Она вдруг почувствовала такое напряжение, что ей расхотелось обедать наедине со своими двумя сыновьями, за один день превратившимися в каких-то малознакомых людей. Немного подумав, она пошла к телефону и позвонила Элис.
"Элис? Не думала, что застану тебя дома".
"О, я целый день привожу себя в порядок, чтобы вечером пойти с Лейном!" - смеясь, воскликнула она. Это был смех влюбленной женщины, и миссис Барклей узнала его с чувством, похожим на страх.

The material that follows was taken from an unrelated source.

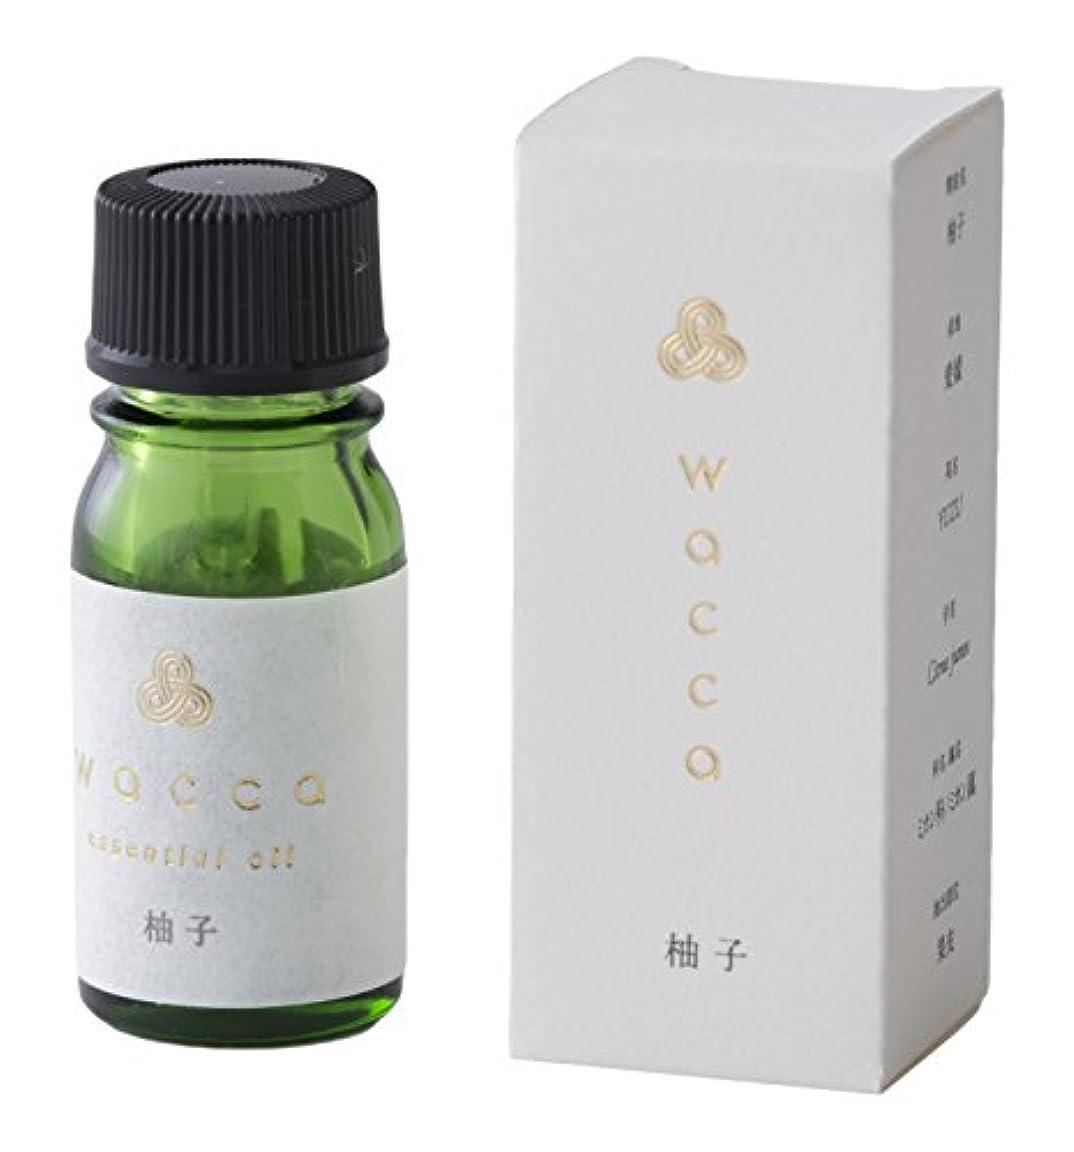 猫背我慢するラッドヤードキップリングwacca ワッカ エッセンシャルオイル 5ml 柚子 ユズ yuzu essential oil 和精油 KUSU HANDMADE

"Может быть, ты приедешь к нам пообедать, Элис? Тогда нас будет четверо, и я знаю, что Лейну это будет приятно".
"Я просто мечтала, миссис Барклей, чтобы вы пригласили меня!" - голос Элис пел в трубке.
"Очень хорошо, дорогая".
Она повесила трубку, предупредила Фреду и, вернувшись к себе в комнату, провела час в шезлонге, окруженная тишиной дома. В шесть она встала, приняла ванну, оделась и спустилась вниз, а в половине седьмого в дом ворвался Лейн, с ходу распахнувший двери гостиной.
"Алло, прекрасная! - прокричал он. - Ждешь меня?"
"Конечно, - ответила она, подставляя щеку для поцелуя. - Я пригласила Элис к обеду. Она будет с минуты на минуту".
"Отлично! - сказал он. - Я сам хотел позвать ее, но Гарри не знал, как ты к этому отнесешься".
"Ты видел Гарри?" - спросила она.
Лейн был уже в коридоре, на середине лестницы. "Не-а, не видел", - крикнул он.
"Я просто не стану волноваться из-за Гарри", - сказала она себе. Но она была так глупа, что подумала, не выкинул ли он какую-нибудь штуку… не убежал ли, например, из дому. После сегодняшнего утра ей казалось, что она совсем не знает его.
Но она никак не выказала своего волнения, когда через десять минут вошла Элис, похожая на золотистую лилию. Они расцеловались, и она почувствовала прилив нежности к этой высокой очаровательной девушке, которую знала с младенчества. Элис была еще юной, ей было только восемнадцать, а Лейну девятнадцать. Но в такое время детей принуждают быстро взрослеть. Мальчики должны становиться мужчинами в восемнадцать, а девочкам приходится влюбляться, выходить замуж и превращаться в женщин раньше срока.
"Лейн спустится через несколько минут", - сказала она.
"А где Гарри?" - спросила Элис.
"Он ушел на репетицию оркестра, и я его с тех пор не видела", - ответила миссис Барклей.
"Ему дали сольную партию, - сказала Элис. - Вы знаете?"
"Нет, не знаю, - ответила миссис Барклей. - Какой негодник - ничего мне не сказал!"
"Это было только вчера, - пояснила Элис. - Я встретила его, и он рассказал. Вы можете гордиться им, миссис Барклей. Он играет просто великолепно".
"Я горжусь", - быстро сказала она.
И в тот же миг услышала, как открывается входная дверь. Повинуясь какому-то необъяснимому порыву, она встала и вышла в холл. Гарри стоял там. Он выглядел усталым, лицо было измазано. В руках у него был футляр со скрипкой.
"Гарри, где ты был?" - строго спросила она.
"Заходил домой к преподавателю музыки, ответил он. - Хотел кое-что с ним обсудить, мне нужен был совет".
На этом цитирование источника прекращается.